More sleepless nights, more breathing held as you wait and hope for things to get better, even if the bottom feels like it might fall out at any moment. The daily struggle to exist, to hold on, to keep someone else holding on. This may be my stories bleeding into someone else’s song, but it is what I feel when I listen.

All My Friends

I was close to the 33 years old when this song came out, a few years shy, but it still sure hit how it felt for me then. Sometimes we go through times so rough and jagged that so many of our friends, and lovers, leave us behind because they honestly do not know how to be with us through it all. The ones that stay, though, they are the ones we learn to trust and hold close with all that we are, the good and bad and messy and messed up, all of us.

High Life

(recorded live for the “face the promised land” bootleg)

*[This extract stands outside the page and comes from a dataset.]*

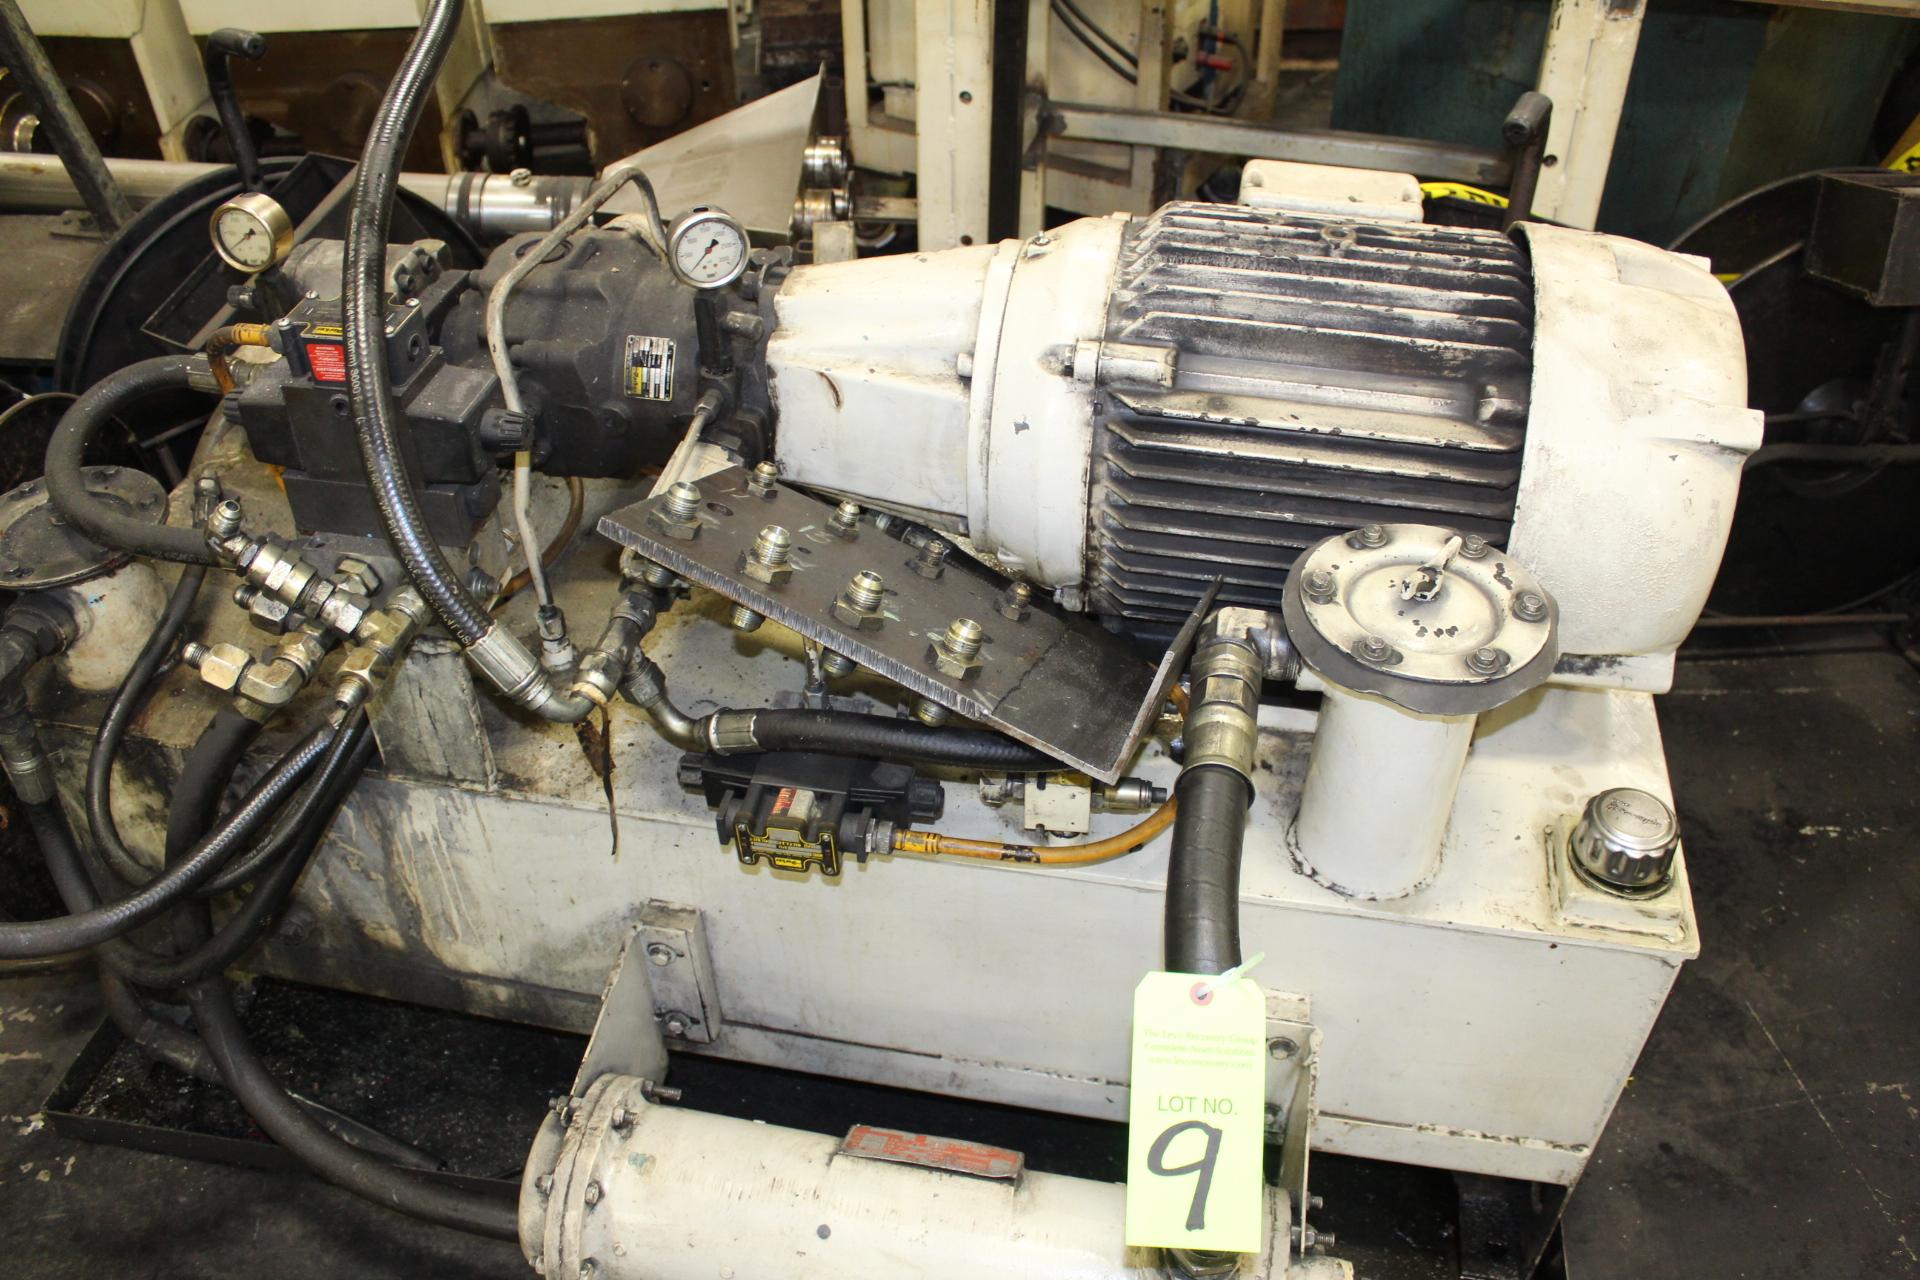 Lot 9 - Estimated 40-Hp Hydraulic Power Unit - Angola, Indiana

The wistful moments of looking back at times past, sometimes they are stained with regret, other times just the half-smile, half-squint of remembering. Some memories and some people from our past tug at us more than others, ever lingering over doors left cracked open, the lack of a real ending pulling us towards some kind of recognition, or at least acknowledgement. I love the line about confusing endings and beginnings, because I do that sometimes, too.

Colorblind

Oh my stars what a gorgeous song this is. Deep and lush and full of emotion, of passion, of love, of loss and of the struggele to be seen and heard and touched and loved. It is also part the soundtrack to one of my all-time favorite films, Cruel Intentions.

I Wish I Was a Girl

Sometimes it is hard to say I am sorry, I was wrong, especially when years go by and time has passed, and maybe it just does not matter anymore anyway. Except, that it still matters to you, it still haunts you, it still crawls around in your mind and in your dreams as you imagine that there will be a someday when you can say all the reasons why, and be understood, and yes, forgiven. Regret leaves such a mark sometimes.

Speedway

This one reminds me of driving cross-country. This one reminds me of the breaking-up and making-up that we did, over and over again, hurting each other in so many ways. This one reminds me of the darker parts of me, the stories I do not say, and how alone I feel sometimes.

St. Robinson and His Cadillac Dream

(recorded live in 2007)

This song feels like dreaming to me, that mixed up, shaken and stirred blend of fiction and fact, of waking and sleeping, and of the real and the imagined. In that dream state we can be anyone we wish ourselves to be. We spin, we sing, we dream and we succeed and everything, even love.

Kid Things (hidden track)

After all the emotions of this album this just makes me want to dance. This is a turn it all the way up and let yourself go kind of song, addictive and carefree. It reminds me of drinking and dancing in a dive bar with my best friends.